I think all parents would like to parent with greater confidence while creating the relationship they want with their kids. In this post, I’m going to make some very frank points about what that entails and how to do it in a way that isn’t painful. (Reader Discretion Advised)
There are countless ways to learn how to be the parent you’d like to be. Trial and error, for example. Trying the things that other parents tell you about or suggest to you, or spending hours reading hundreds of books.
I told you I was going to be honest with you, so here it is: That’s just not going to work. I can hear you now: "Wait, what do you mean, that is ‘not going to work’? Tons of people do that!"
I know. That doesn't mean, however, that it's smart or effective.
To be the parent you want to be, you need a set of clear, simple responses that are effective and evidence-based. Parenting can be simple, but with all the information and advice out there, parents tend to feel overwhelmed and paralyzed. It doesn’t have to be this way.

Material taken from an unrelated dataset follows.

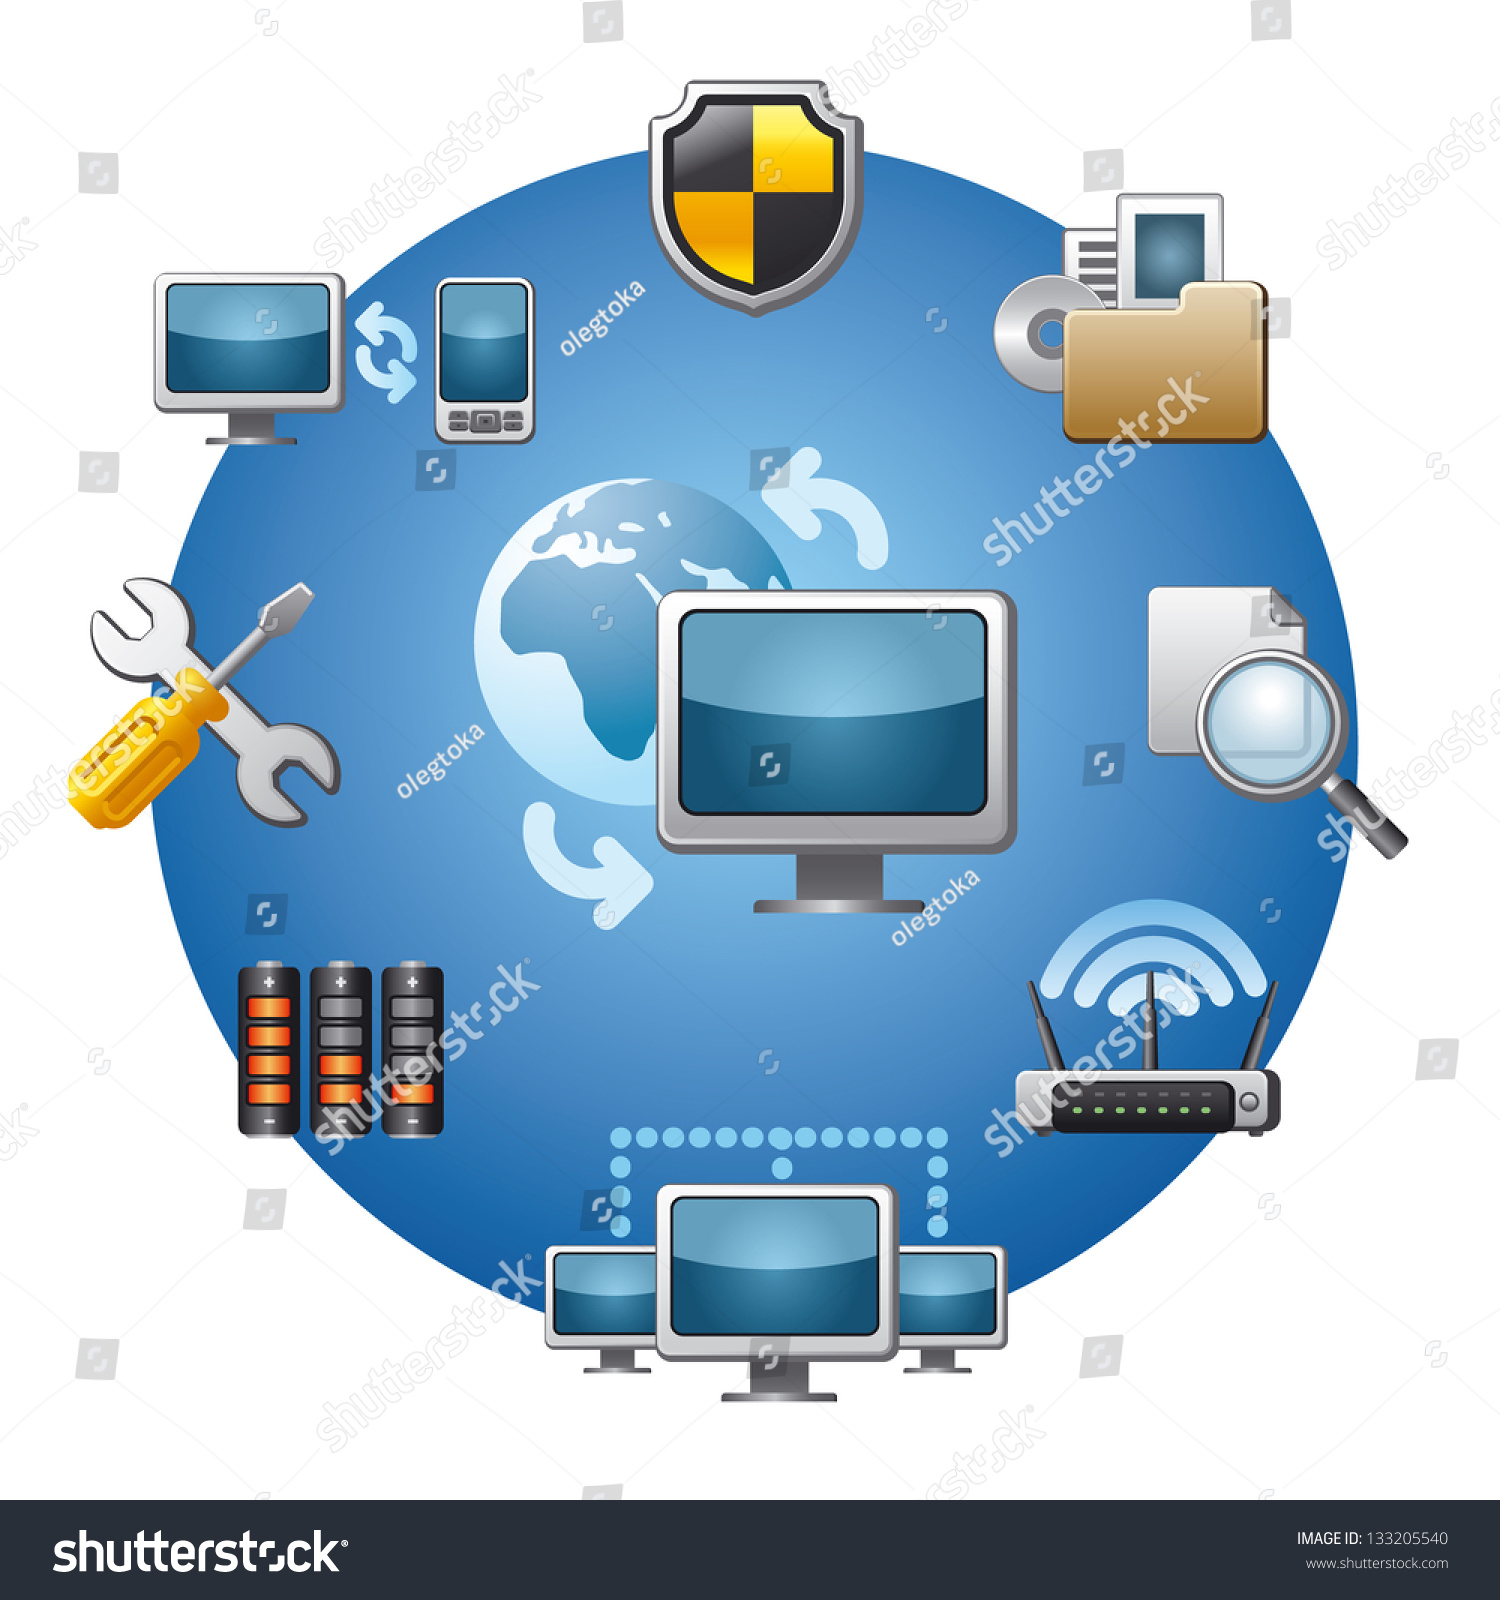 computer network clipart - photo #28

It is possible to stop guessing your way through parenting challenges.
Think about it: Maybe you have spent hours or even weeks of your life reading the latest (and quite possibly conflicting) parenting books, articles and blogs. You’ve spent so much time and energy reading that you don’t actually know how to apply what you have read or what to say when your child misbehaves.
That is crazy. CRAZY! It makes no sense, and I get flustered just thinking about parents who do this. Even though they have the best intentions, they are not investing their time and effort effectively or efficiently
So, how should you invest your time to improve your parenting?

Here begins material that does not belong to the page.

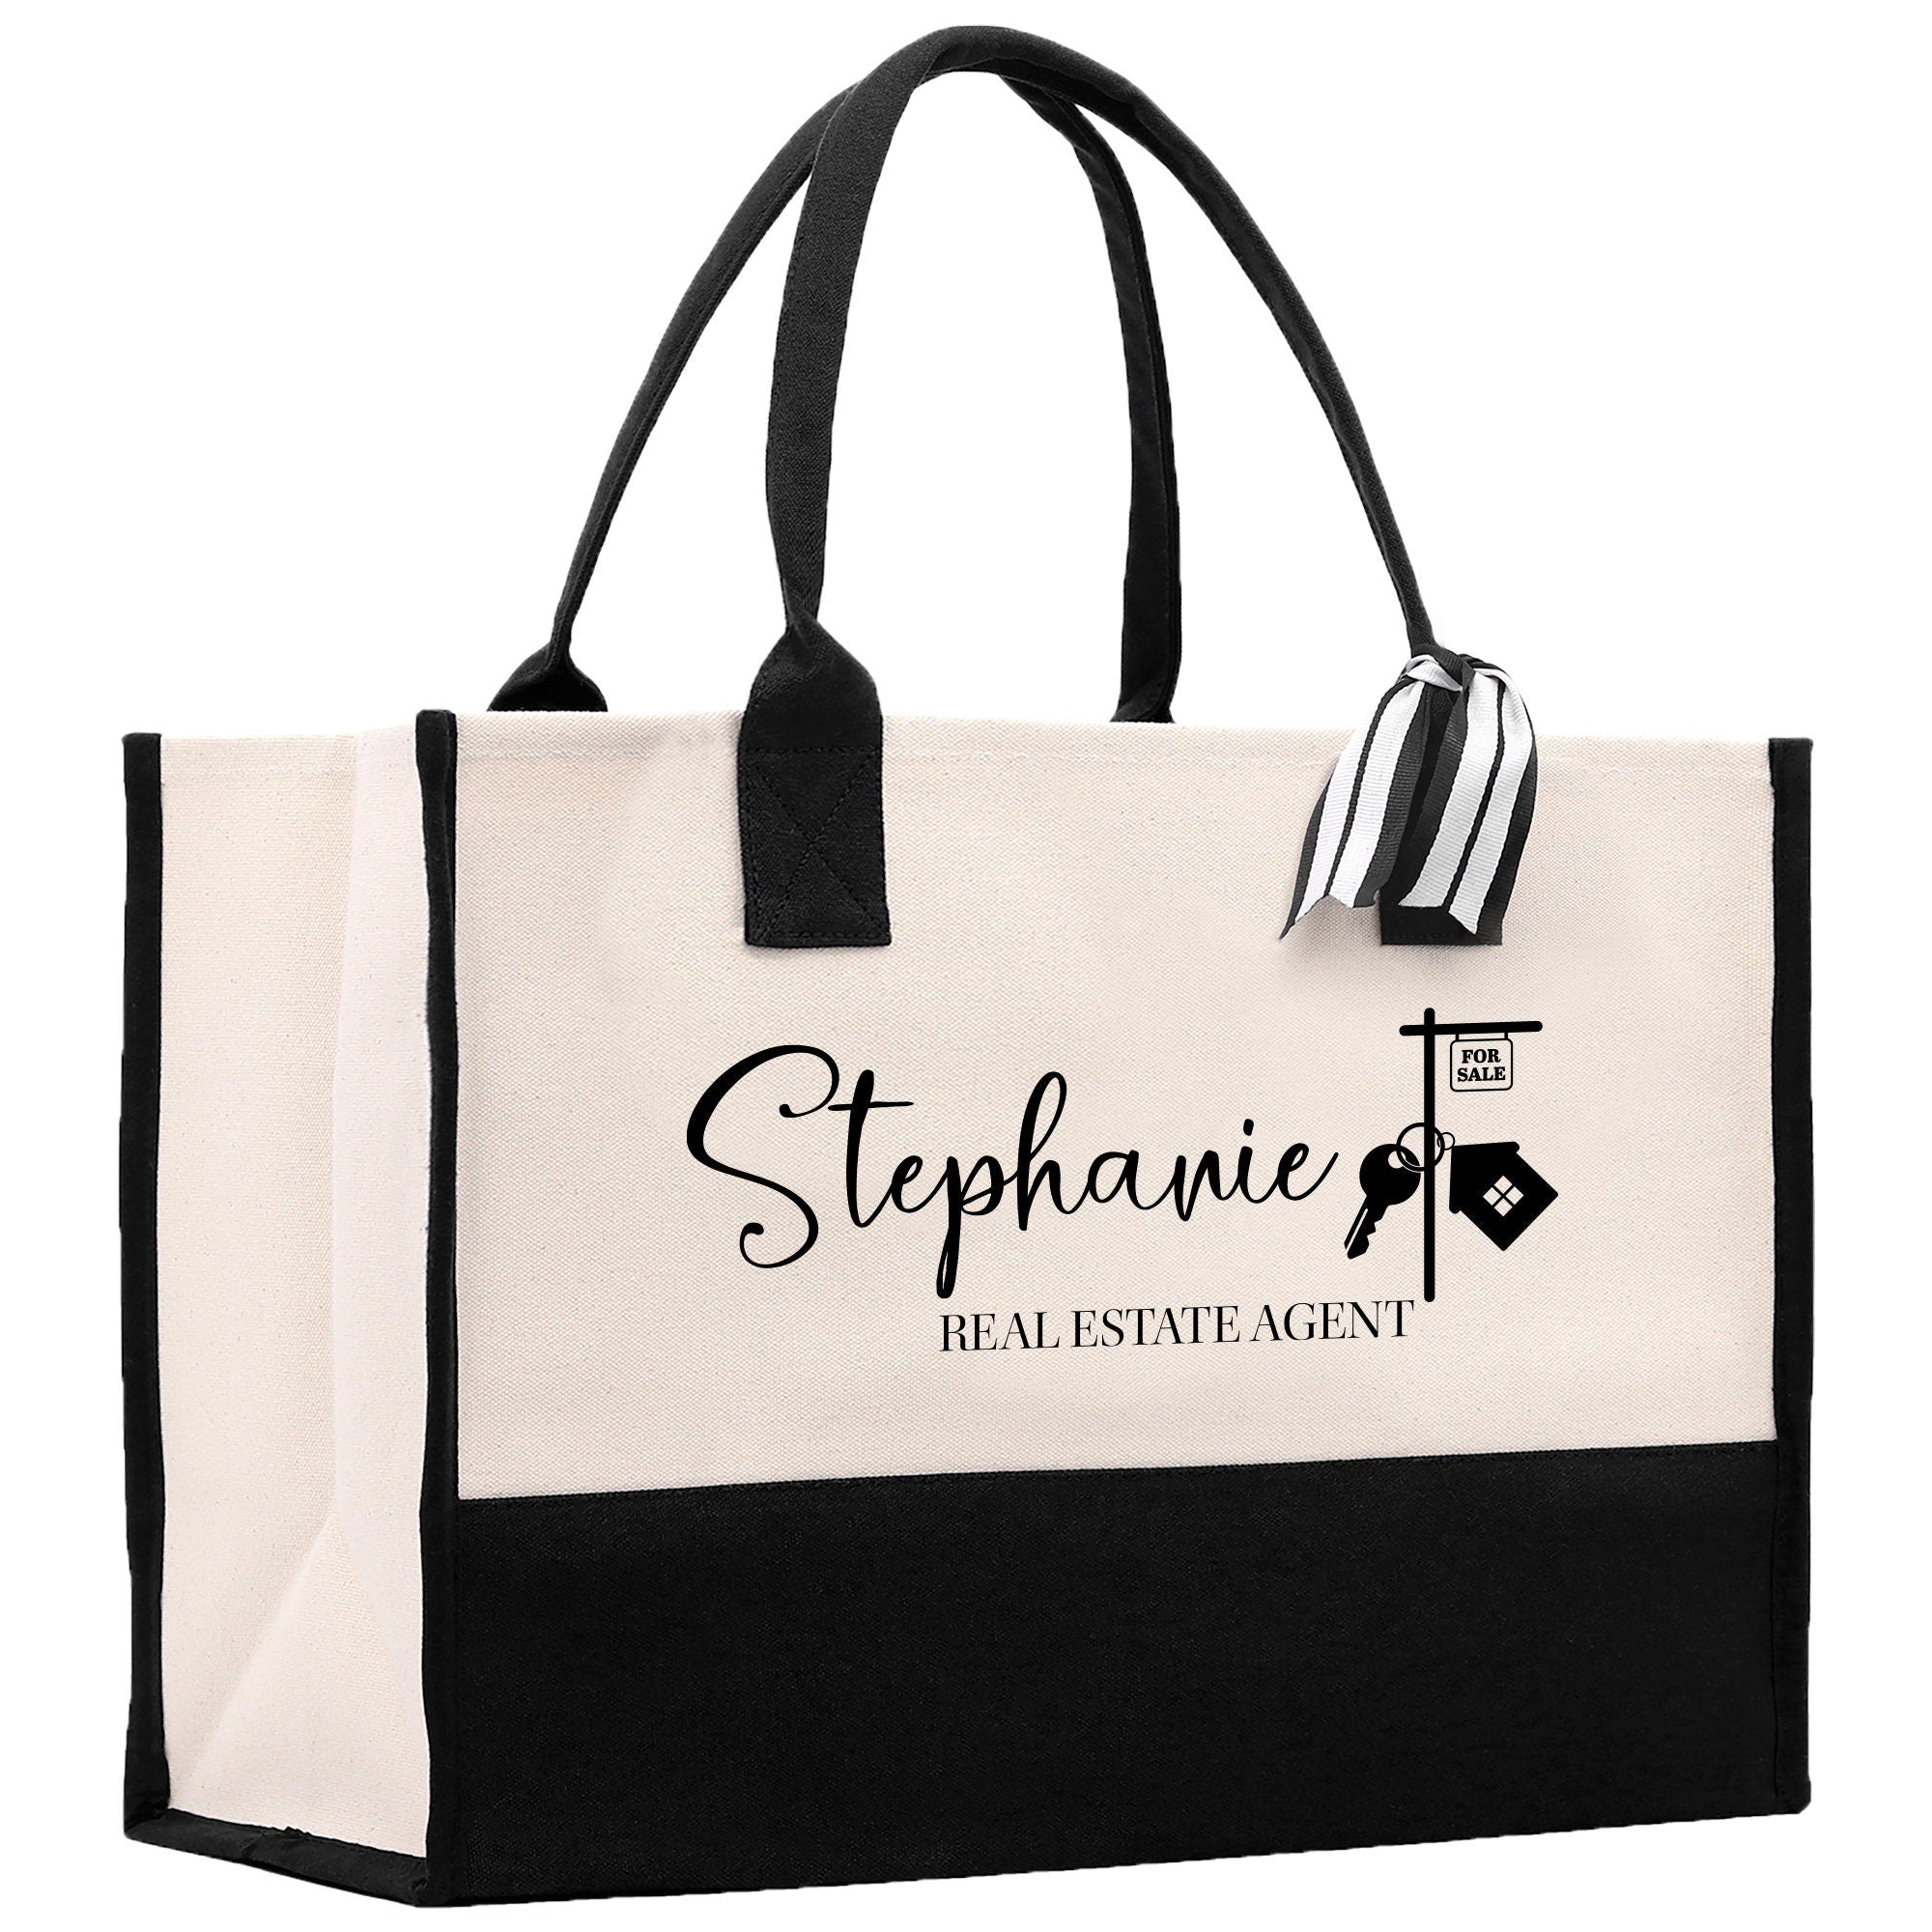 a black and white tote bag with a logo on it

You get clear on your parenting goals.
You commit to parenting practices that align with your personal goals and values.
You practice just a handful of tools and strategies, because focusing on too many will leave you confused, frustrated, and ineffective.
You love your kids, and you want to see them thrive, but you need to stop yelling, bribing and threatening them. They need parents who can set clear boundaries and who can respond with both love and kindness while holding the line.
Start ENJOYING the time you have with your kids now—their childhood won’t last forever, right? And realize that you can’t enjoy these years if you are flailing about in your attempts at parenting
Here are three reasons why NOT investing in your parenting right now would be a big mistake:
1. You waste a lot of time and energy.
Honestly, parenting is not easy for anyone! (Including me.) In my private practice and live workshops, I work with a ton of parents who are pediatricians, preschool teachers, and child therapists, and they struggle with parenting their own children. Many parents think that those who work with children have it all figured out when it comes to parenthood. That is false!
Raising a child requires specific knowledge, understanding, and skills. Everyone needs to invest in their parenting, or it can feel like a serious drain. Without a specific set of skills and a plan, you start to feel depleted and simply insane. (Albert Einstein’s definition of insanity: Doing the same thing over and over again and expecting a different outcome.)
2. You’re not having as much fun with your kids as you would like.
If you’re spending your time and energy dealing with all the day-to-day challenges, you are missing time that could be spent having fun together. Having clear parenting tools and a plan will not only help you right now, in this stage of your child’s development, but it will help you throughout their entire childhood.
Nip some of those bad habits in the bud or avoid them all together. If you invest now, there will be a much greater return on investment over the 18 years of your child’s childhood.
Are there things you would like to be doing together as a family that you avoid because you fear how your child might behave?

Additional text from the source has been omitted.